The Imperial War Museum in London will be presenting an exhibition of work by photographer Nick Danziger that concentrates on telling the story of 11 women caught up in conflicts across the world in the first decade of the 21st century.
This display of work is filled with a combination of photographs and films such as the one above, all capturing women’s stories of conflict no matter where they are.
Back in 2001, the British photographer and filmmaker Nick Danziger photographed eleven women for an International Committee of the Red Cross study to document the needs of women in the face of war.
He then went back a decade later to find each individual that he captured on film and to discover what had happened to them. This display of work shows their personal struggle and the lasting impact that war has had on their lives.
Eleven Women Facing War will feature 33 photographs and 11 short films (each running at approximately three minutes each) that were taken in eight conflict zones from around the world. These include: Bosnia, Kosovo, Israel, Gaza, Hebron (West Bank), Sierra Leone, Columbia and Afghanistan.

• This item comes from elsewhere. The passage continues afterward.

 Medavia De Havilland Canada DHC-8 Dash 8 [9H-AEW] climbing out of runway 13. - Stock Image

Talking about this series of work, Danziger said: “‘We often talk about the victims of war. I hope these images and stories are a tribute to these women’s indomitable spirit, endurance and bravery.”

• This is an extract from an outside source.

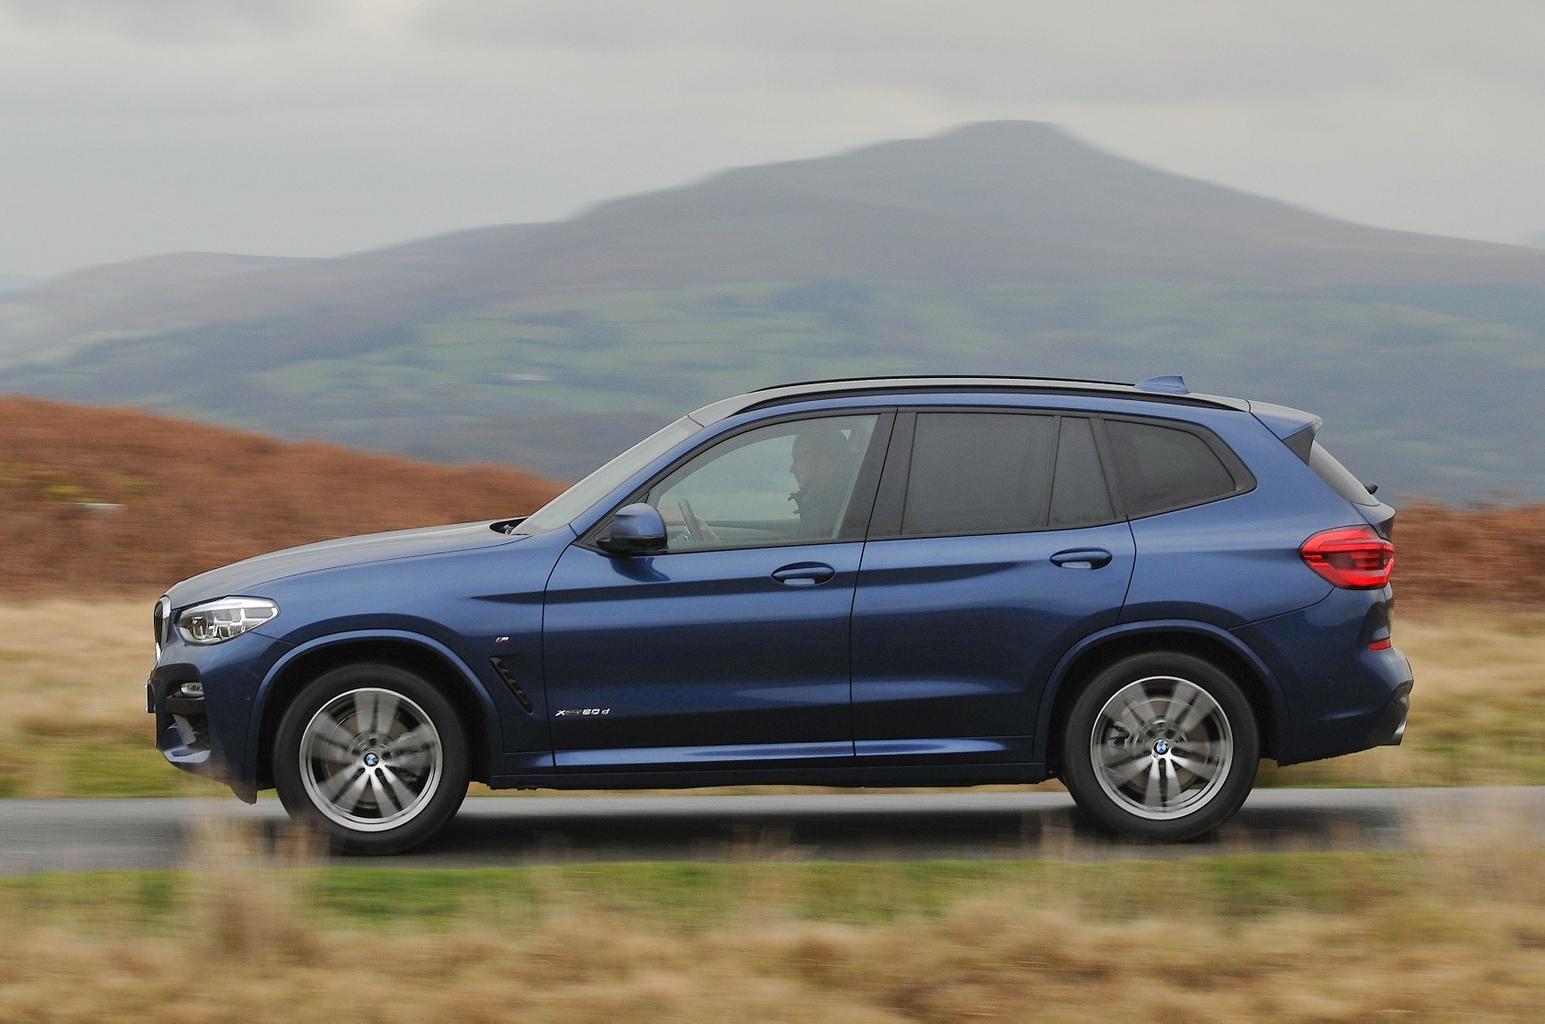 BMW X3 2021 left panning

One example of the types of stories featured in the exhibition includes that of Mah Bibi, a ten-year-old orphan, who was destitute and begging for food for herself and her two younger brothers, when photographed in Afghanistan in 2001. Ten years later, she had vanished without trace and is believed to have died in 2006.

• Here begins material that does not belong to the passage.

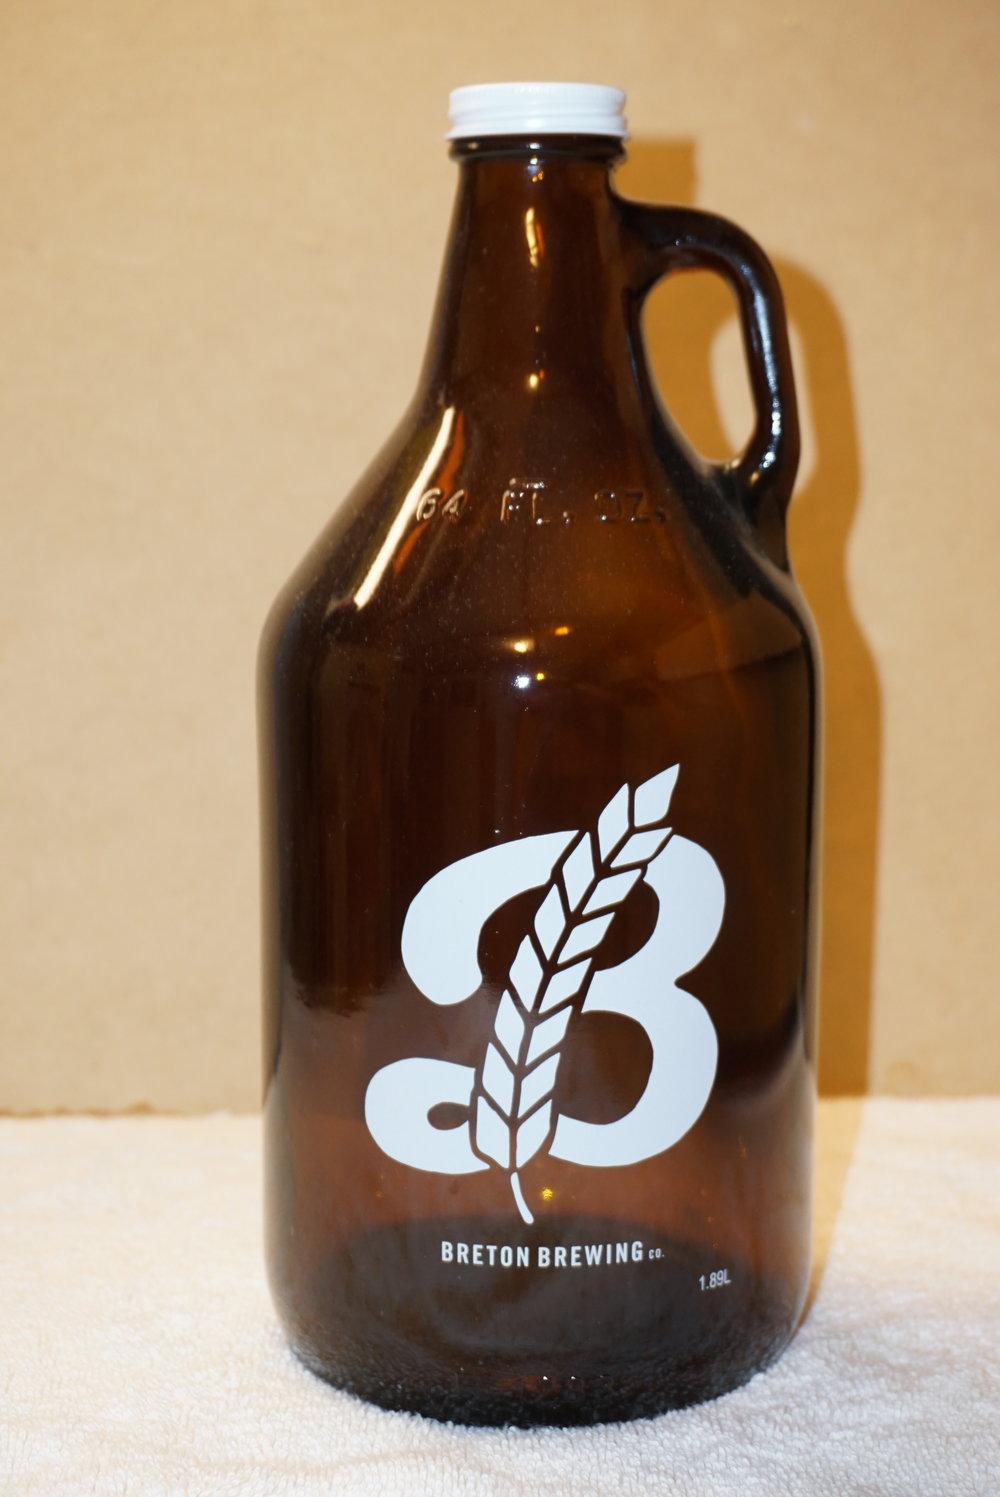 GR - Breton Brewing (NS)

Hilary Roberts, Research curator of Photography at the Imperial War Museum commented: “Eleven Women facing War is a moving reflection on women’s experience of war and its legacy.”
Nick Danziger is a British award-winning photographer, author and documentary maker, whose work concentrates on the disadvantaged. His work has been exhibited internationally and much of it is held in in numerous museum collections such as the National Portrait Gallery, London, the National Media Museum in Bradford and the British Council.
Eleven Women Facing War will be on display at the Imperial War Museum, London from the 4th February to the 24th April. Admission to the exhibition is free.